Elephant street scene

A man ran towards me, waving. He wore over-sized sultan slippers and held on to a bejewelled turban. ‘Rope!’ he called out breathlessly, ‘I am in needing of some rope.’

‘Rope?’

‘And an ox, or perhaps an elephant.’

There was an explosion from further down the valley. ‘Please, no time to lose!’

We ran back down the narrow track. A brightly painted bus was stuck, its back wheels spinning furiously, ripping up turf; its tortured engine flat out. When the driver saw me he instinctively jammed on the brakes. The bus slid backwards, to the bottom of the hill.

There was silence apart from the hiss of steam from the radiator and the squelch of our shoes on the monsoon-drenched path. Five rifle-brandishing soldiers, who appeared to be wearing thick make up, peeked from behind the bus.

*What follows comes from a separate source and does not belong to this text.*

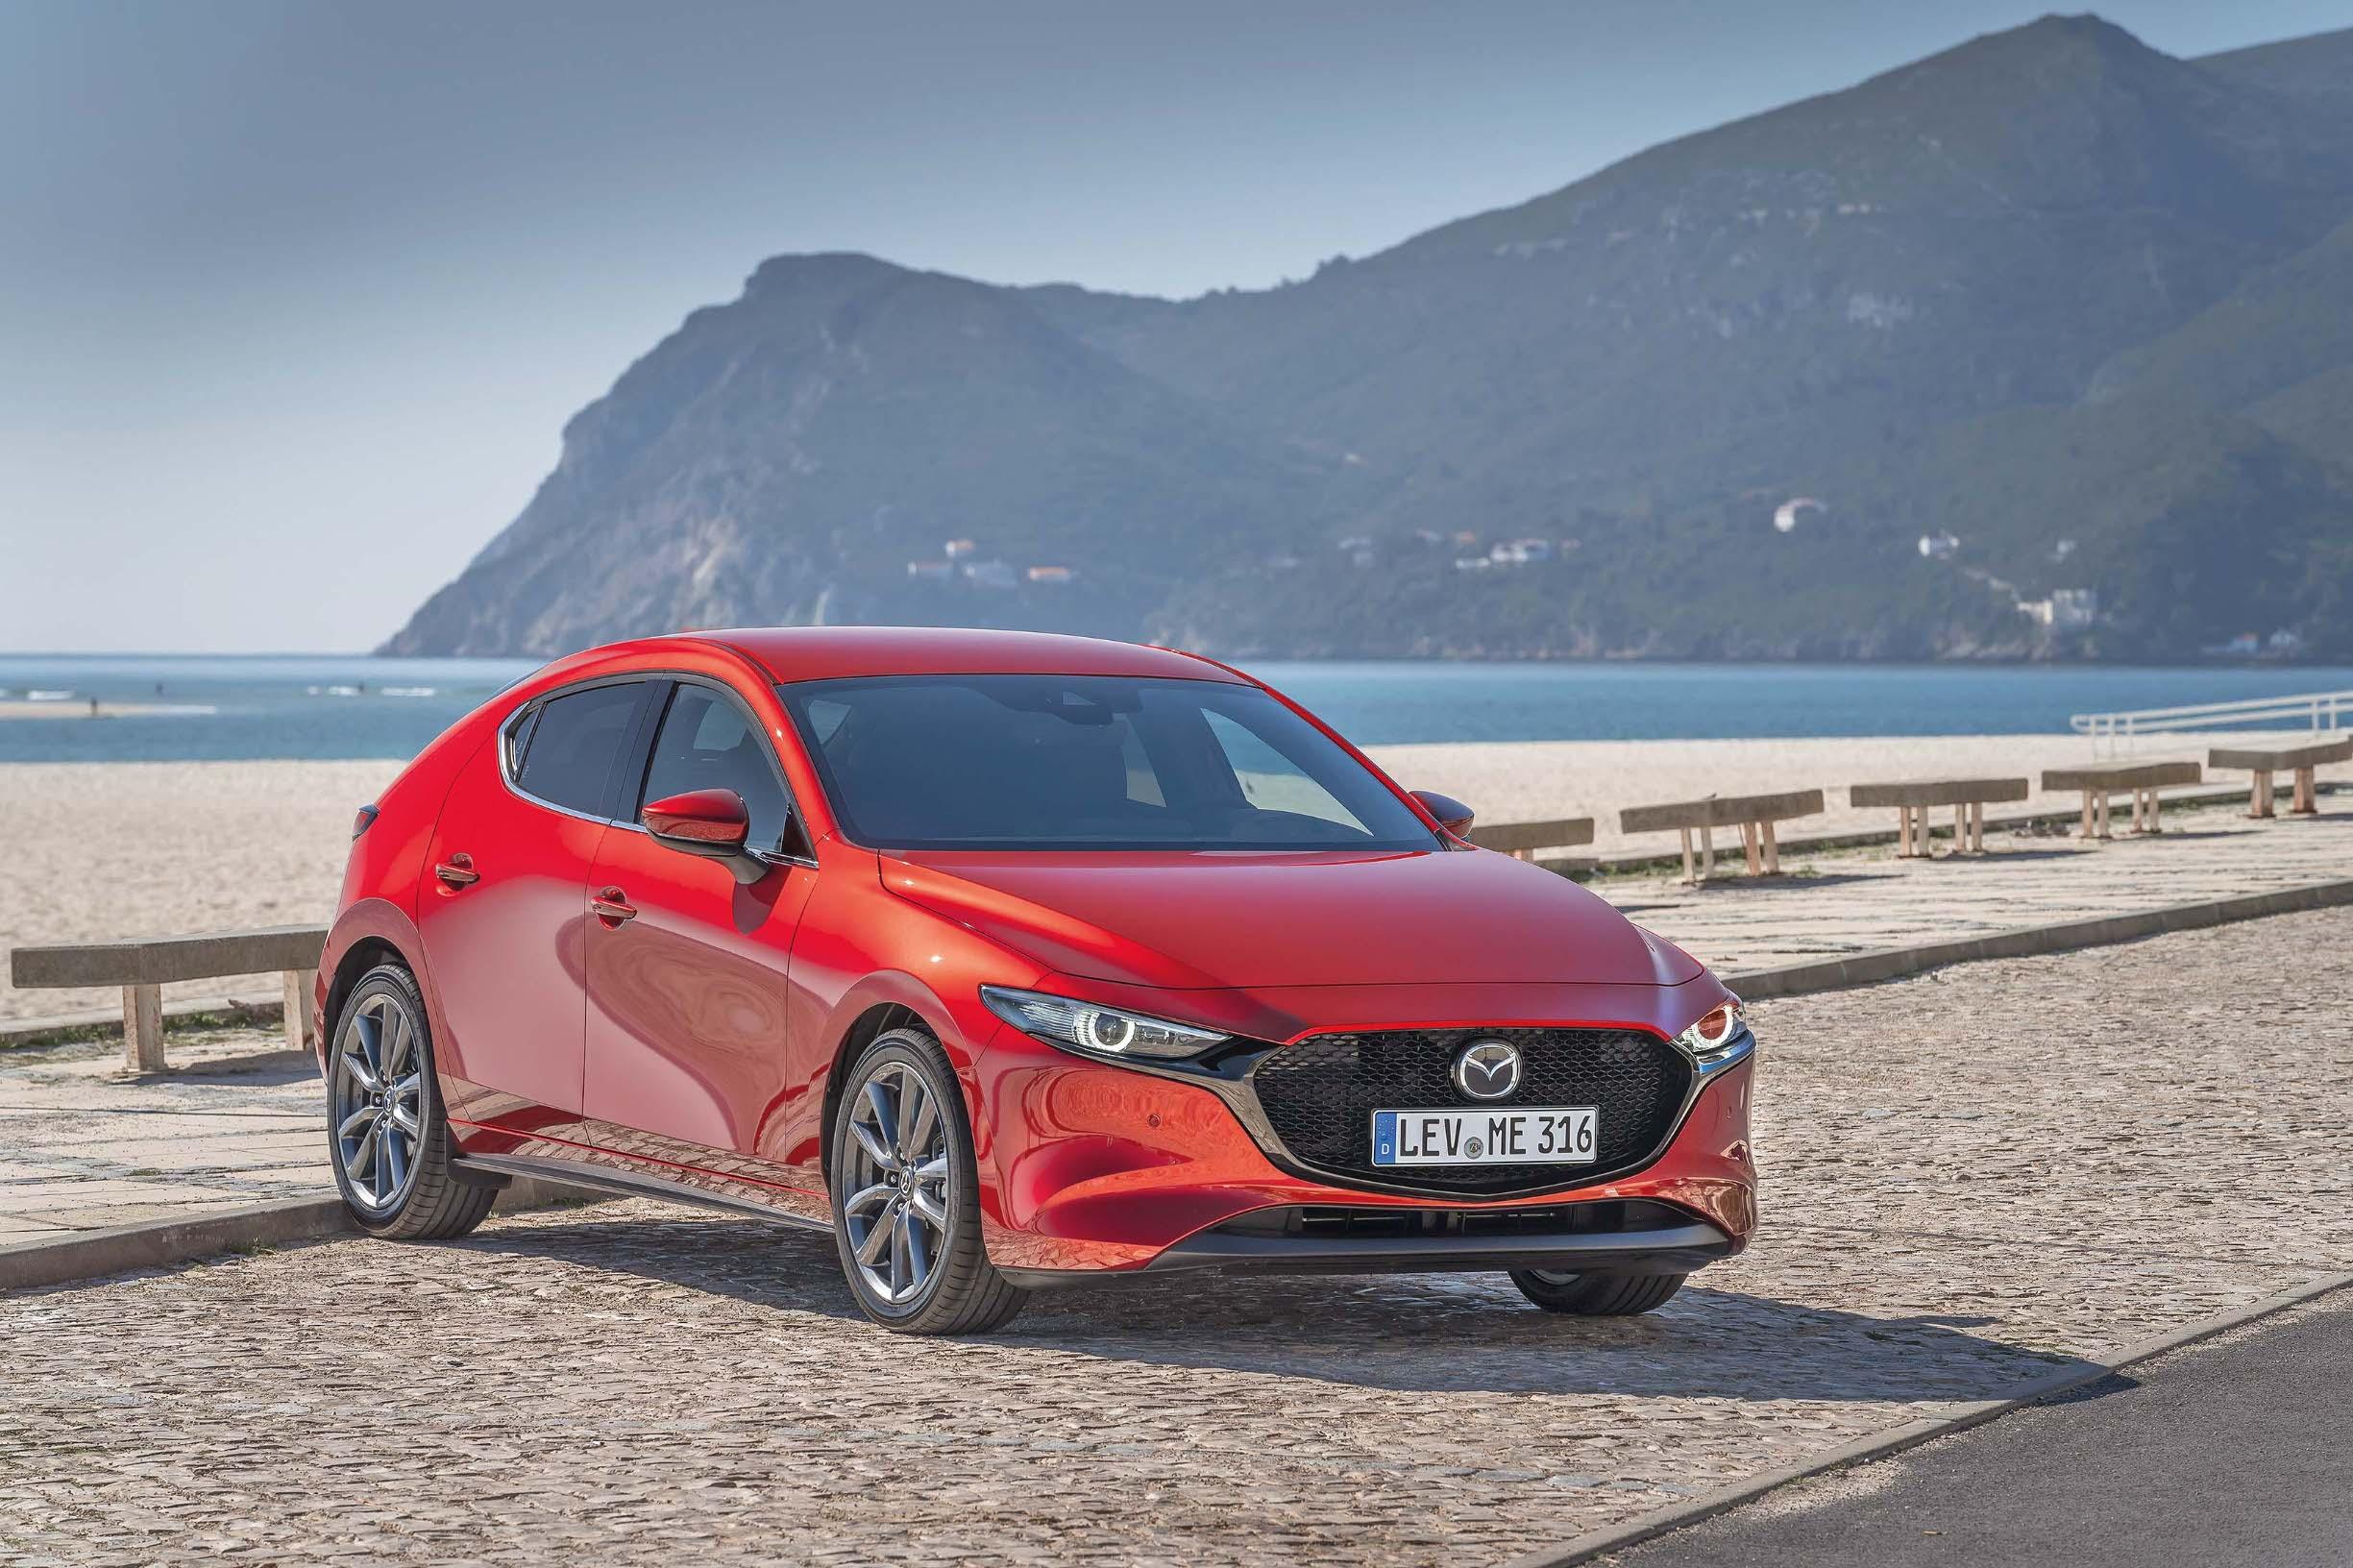 Mazda 3, na glasu kao jedno od trenutačno najseksepilnijih vozila na cesti, trijumfirala je i u kategoriji obiteljskog auta

They tensed as I picked up a branch from the ground.

There are some advantages to having grown up in the interminable winters of northern England. I placed the branch in front of the rear tyres. The soldiers sprang into action, gathering more fallen foliage. They cheered as the bus inched up the slope. When it reached the road, the only man without a spat of dirt on his clothing, shook me warmly by the hand. He introduced himself as Joy. ‘Ha! You have saved us,’ he said, laughing. ‘Let me introduce you to our leading lady. You will be liking her very much.’

The leading lady, Sophia

The leading lady, Sophia

The sultan, the soldiers, the leading lady; it was beginning to make sense. We climbed aboard the bus, stepping round cameras and lighting rigs, to a woman sitting serenely at the back doing a crossword puzzle. She stood and brought her hands together. ‘I am Sophia,’ she said. ‘You are very handsome. You look like an apple. Would you like to be in our film?’

The director, a professorial man with a pencil thin moustache, strode towards me, appraising me through a frame of his thumbs and index fingers. ‘Drug smuggler,’ he said. ‘See you on set in the morning.’

 

By the following morning, rumour was rife that the Englishman who had ‘single-handedly saved the bus from a swamp’, was also a Hollywood star. On the five minute walk from my guest house to the bus, I was asked for my autograph seven times, and when I arrived, the crew all stood and applauded.

On set

On set

Maybe it was first morning nerves; perhaps it was a reaction to the Full Fortifying Monty breakfast, but as Joy ushered me aboard the bus, I felt an urgent need for a bathroom. He assured me the film location was only minutes away… 189 minutes to be precise.

As soon as the bus doors opened I lurched to a fence behind a line of trees. I did what I’d needed to do for nearly two hours and, feeling severely weakened, I turned to make my way back. There, standing staring at me, was a crowd of over a hundred men. ‘Hello,’ one of them said. ‘Would you like to visit my bicycle shop?’

 

A boy pushed his way through the crowd. ‘Please come,’ he said earnestly. ‘Police is needing to see you.’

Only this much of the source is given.